Enclave
Tegan just whimpered and Fade shouldered her again, taking her from Stalker. I didn’t have the watch or any sense of where we were going now, so I simply followed the road and watched ahead for trouble.
Just before dawn, I smelled it.
More Freaks—their rot carried on the wind. I spun in all directions, scanning for them. They came from behind this time, which meant they were tracking us. Worse and worse. Dark words boiled up, full of fear and dread, but I swallowed them and kept my report practical.
“Put her someplace safe. We have another fight coming.”
Fade carried her off toward the trees and laid her down gently. “Stay here. Don’t move. I’ll make sure they don’t go for you, and if they do, I’ll stop them. Understand?”
She nodded, flattened herself against the ground, and went still. Playing dead? It might work as long as we occupied their attention. This time, we had twelve incoming and we were down one fighter. Not that Tegan was great on her best day, but she’d been deft enough at swatting them back. It kept them busy long enough for the rest of us to slice the monsters up.
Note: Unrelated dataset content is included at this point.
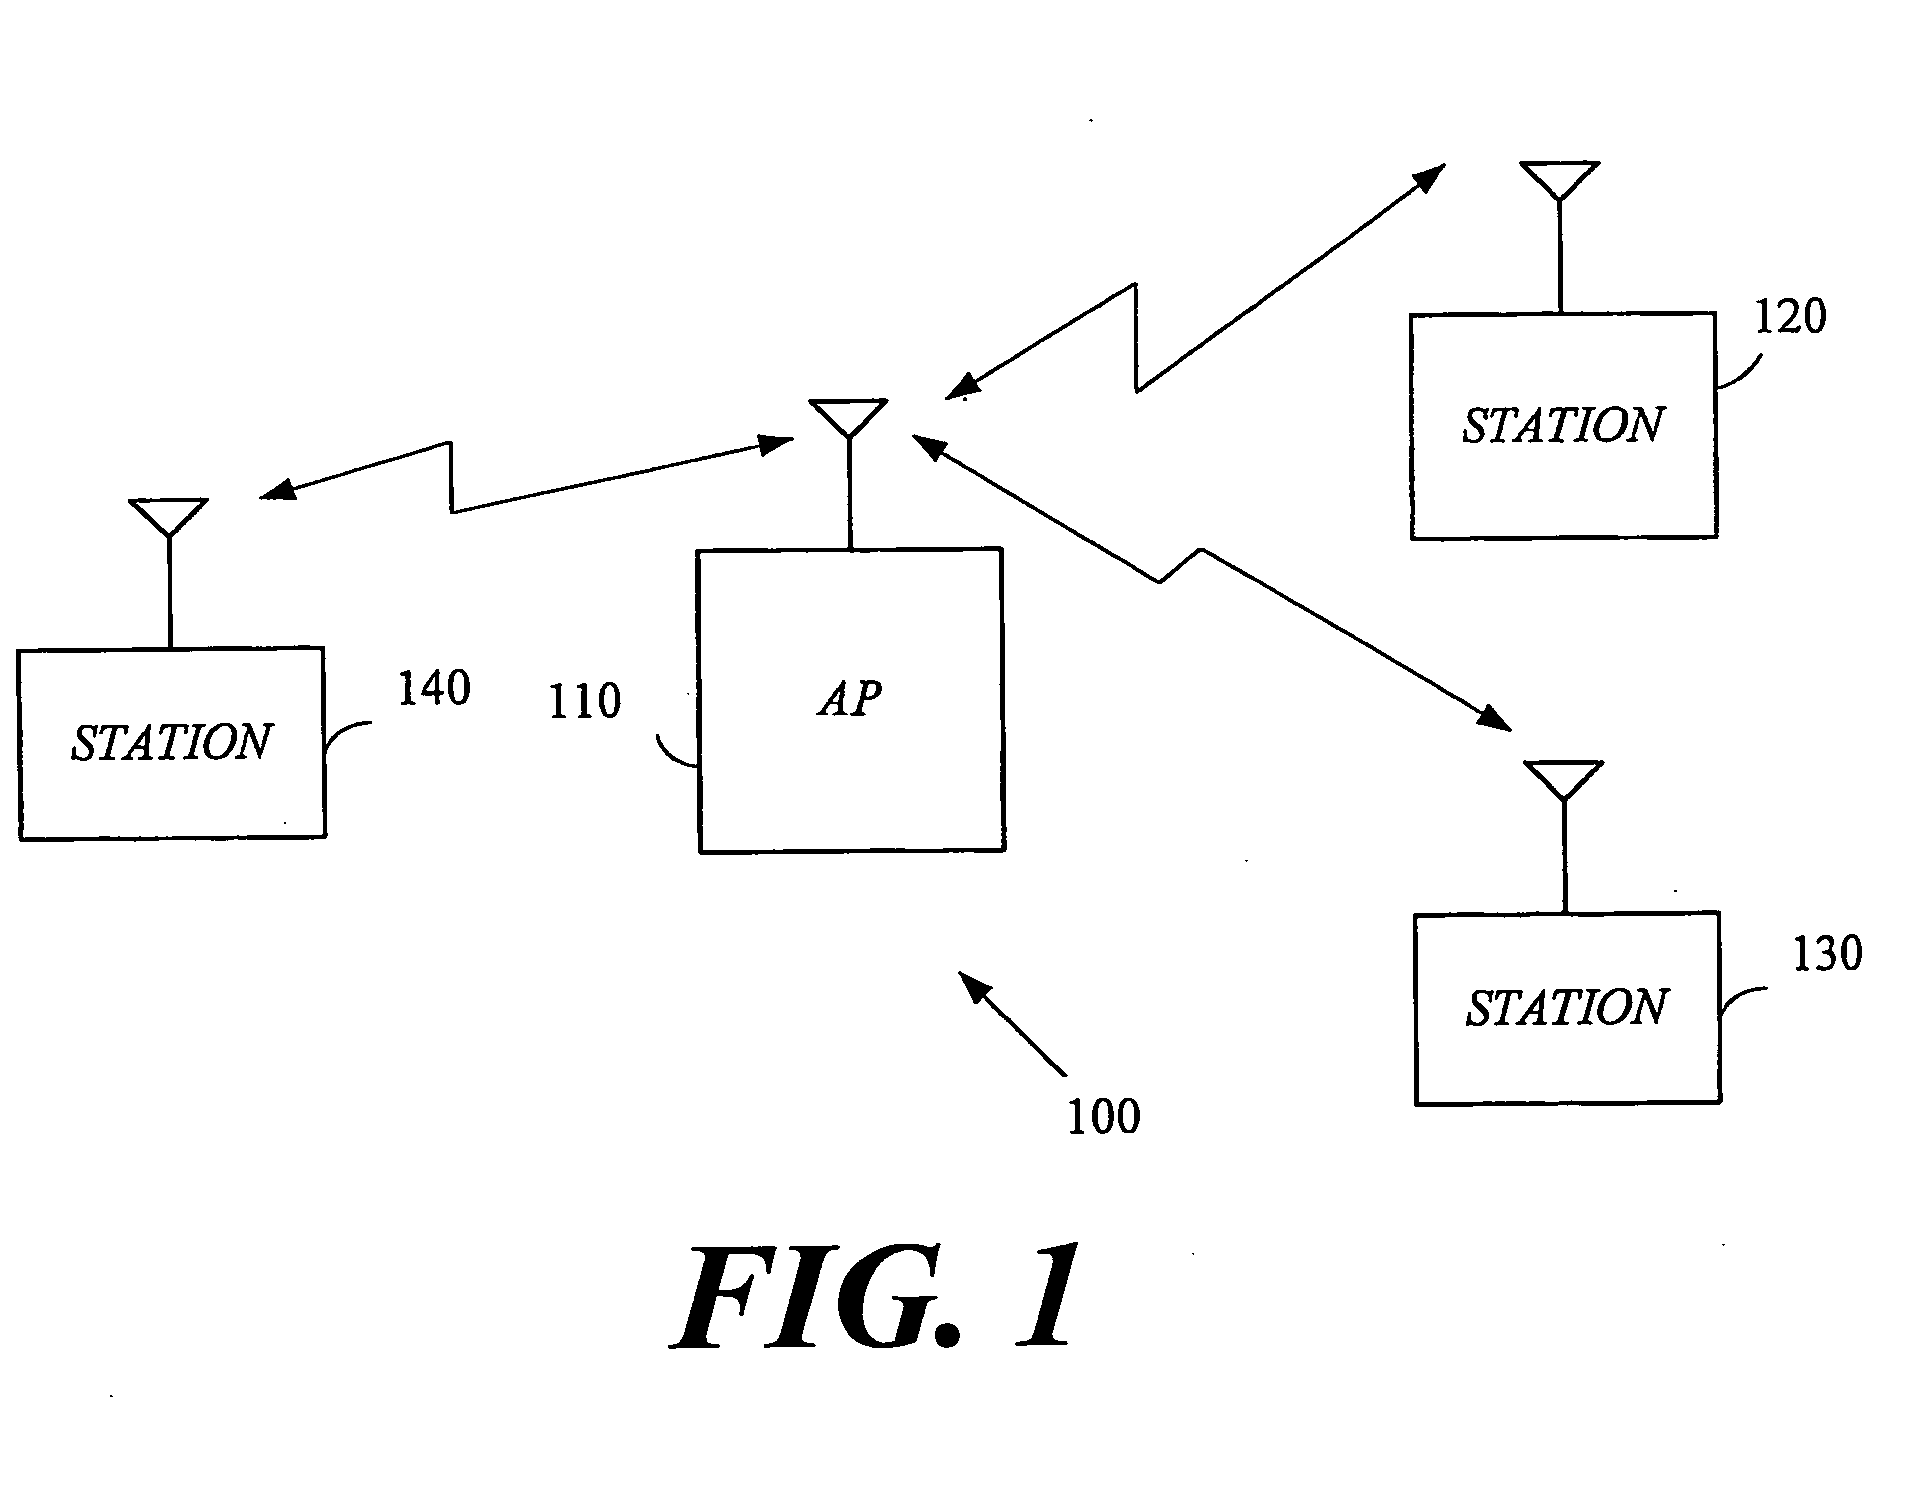 Method and apparatus to provide hidden node protection

“Four each,” Stalker said.
I nodded and planted my feet, despite the aching exhaustion that coursed through me. It would have to be daggers this time. Though I could use my club—Tegan didn’t need it—I no longer had the strength or stamina. The odds of winning were steeper this time, and the potential consequences of loss more grave.
As the Freaks charged us, I braced for the first wave. I didn’t expect to survive the fight, but the steel Silk had instilled in me wouldn’t let me roll over. I wheeled and cut one open. Its guts spilled out, slicking the ground. I danced backward, dodging an attack and leaping away from a snarling bite. These Freaks were angry—I saw it in their bloody eyes; they knew we’d killed their kin.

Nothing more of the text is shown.